Retirement Savings for Current Employees

The Defined Contribution Plan is the retirement savings plan offered to newly hired and current employees through the University. Need to enroll, make changes, or manage your contributions? Learn more and take action now!

The Retirement Benefit to be received under this plan depends on:

  • The amount of funds contributed by the participant of their monthly base salary
  • The investment returns on the contributed funds
  • Withdrawals and distribution upon termination or resignation from the University

The Defined Contribution Plan is defined under IRS codes 403(b), the IRS rules governing the Individual Contribution, and 401(a), the IRS rules governing the Employer Contribution, both explained in detail on this page.

Review the Summary Plan Description of these plans: 401(a) and 403(b) Retirement Plan Summary Plan Description

Defined Contribution Plan Eligibility

The following job classes are eligible for the Defined Contribution Plan with a University match:

  • Full-time faculty
  • Full-time librarians
  • Full-time research associates
  • Regular full-time staff (non-union)
  • Part-time faculty in the tenure stream or tenured for no less than 50% effort. 
  • Part-time regular staff (non-union)
  • Union employees as stated in their Collective Bargaining Agreement
     

Summary of the Plan

Basic Contribution

The Basic Contribution refers to an amount, between 3% and 8% that a participant may contribute of their monthly base salary. The Basic Contribution is matched by the University.

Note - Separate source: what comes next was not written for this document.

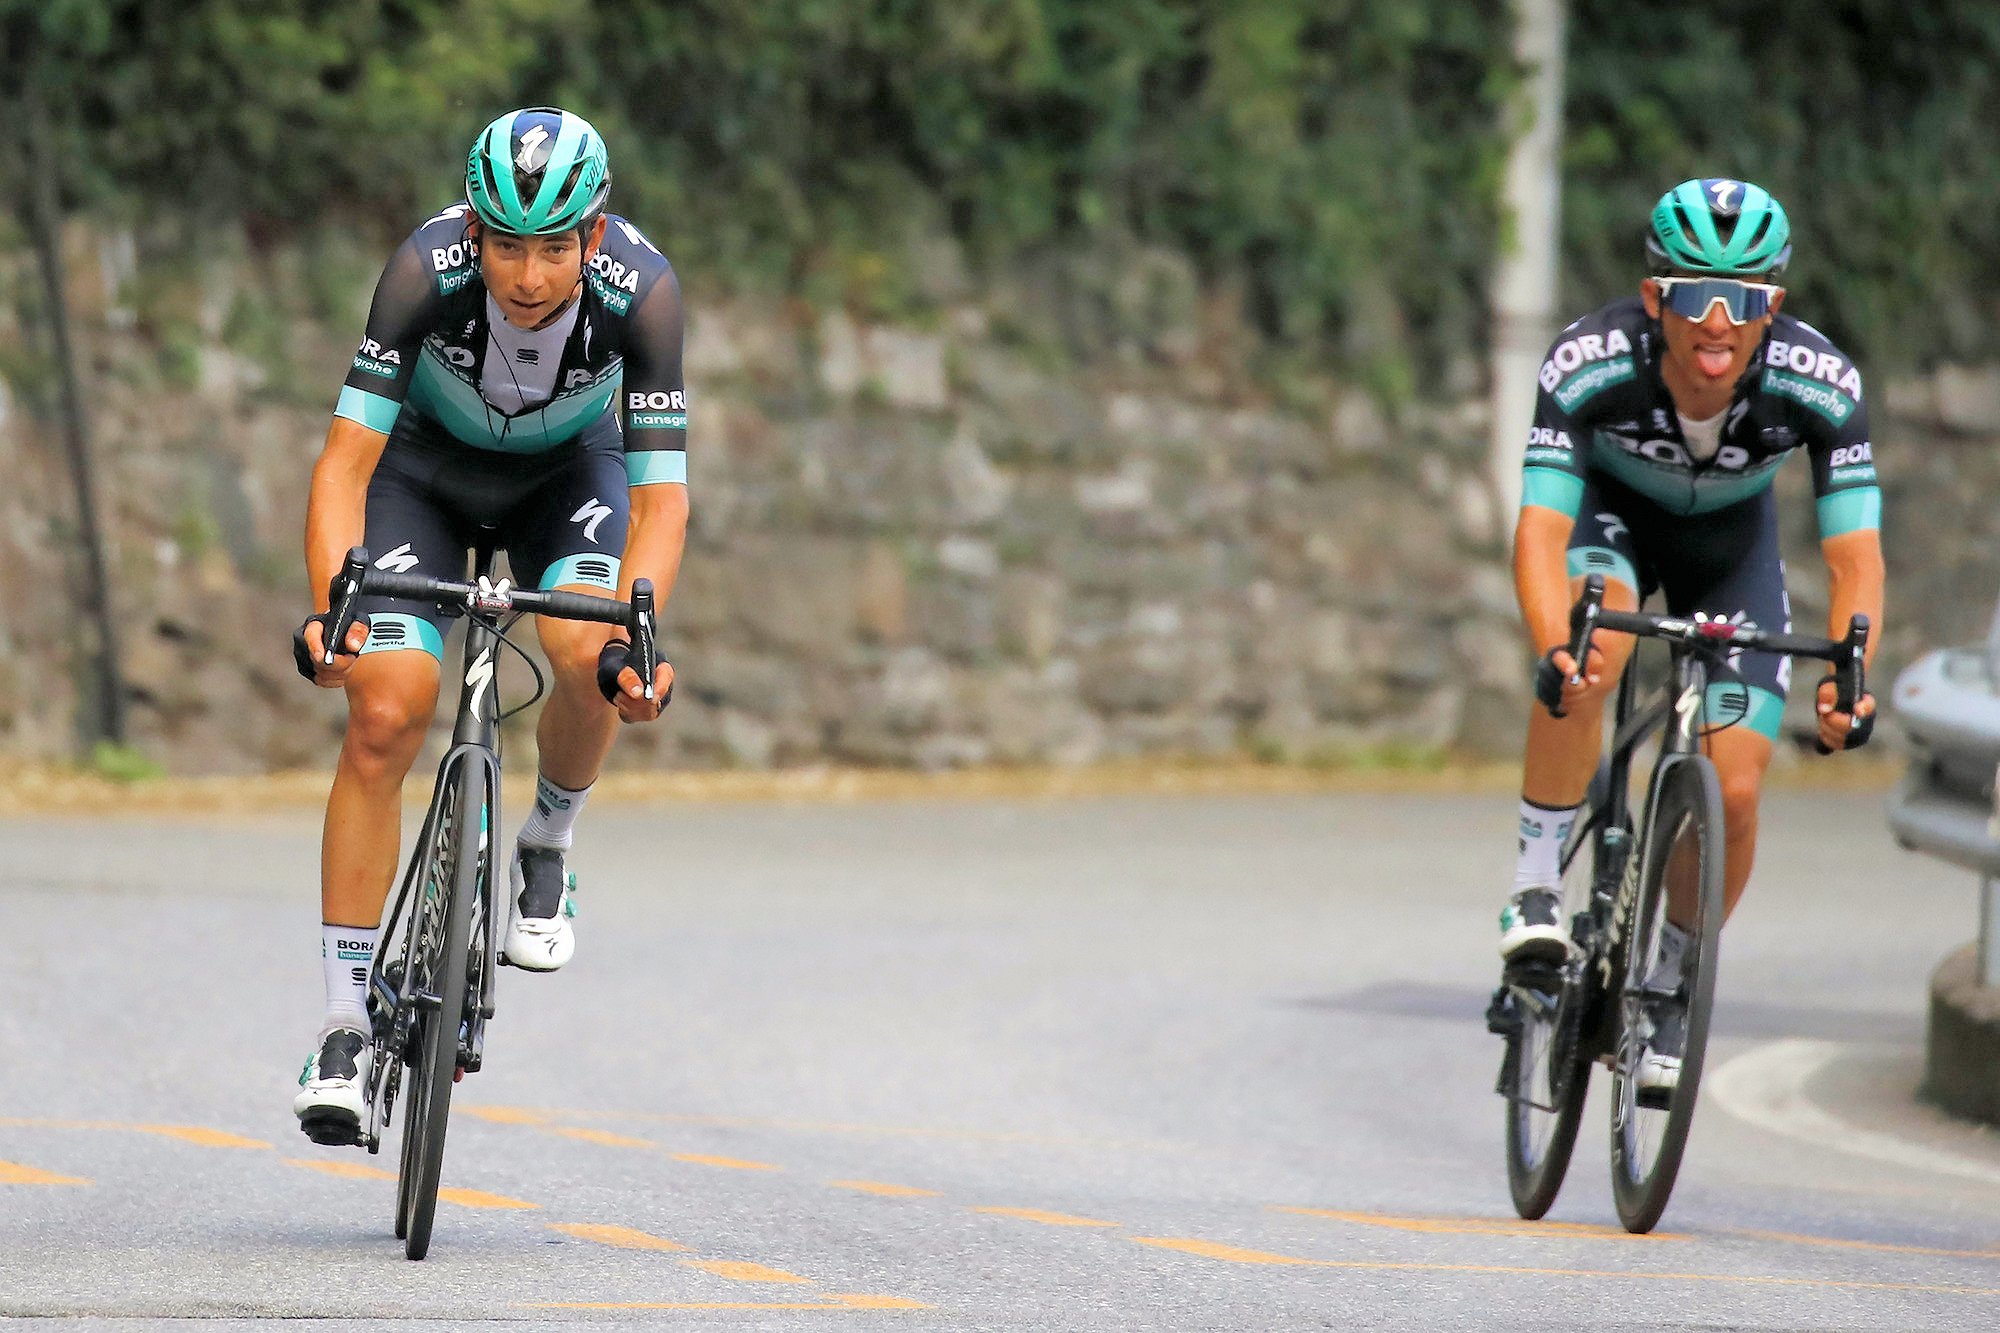 Vuelta a Espana 2019. Majka i Bennett na czele Bora-hansgrohe

Subject to IRS regulations, the Basic Contribution may be processed as:

  • Deferred from federal income taxation;
  • Partially deferred with a portion being on a Roth after-tax basis;
  • Or not deferred with the entire amount being on a Roth basis or after-tax basis. 

Learn more about the Roth 403(b) Option

University Match

During the 3-year delayed vesting period, the University will match the participant's Basic Contribution (between 3% and 8%) dollar for dollar (100%).

Summary of Contributions and University Match During Delayed Vesting Period (as a % of base salary)

Individual Contribution 3.0% 4.0% 5.0% 6.0% 7.0% 8.0%
University Matching Contribution 3.0% 4.0% 5.0% 6.0% 7.0% 8.0%
Total 6.0% 8.0% 10.0% 12.0% 14.0% 16.0%

Vesting Period

The Vesting Period in the Defined Contribution Plan is approximately three (3) years with a 1,000 or more hours worked in each calendar year. An individual is credited with 190 hours each month regardless of percent effort. The participant must be contributing to accrue vesting. Most individuals vest in June of their third year of participation. Learn more about vesting by reviewing this presentation.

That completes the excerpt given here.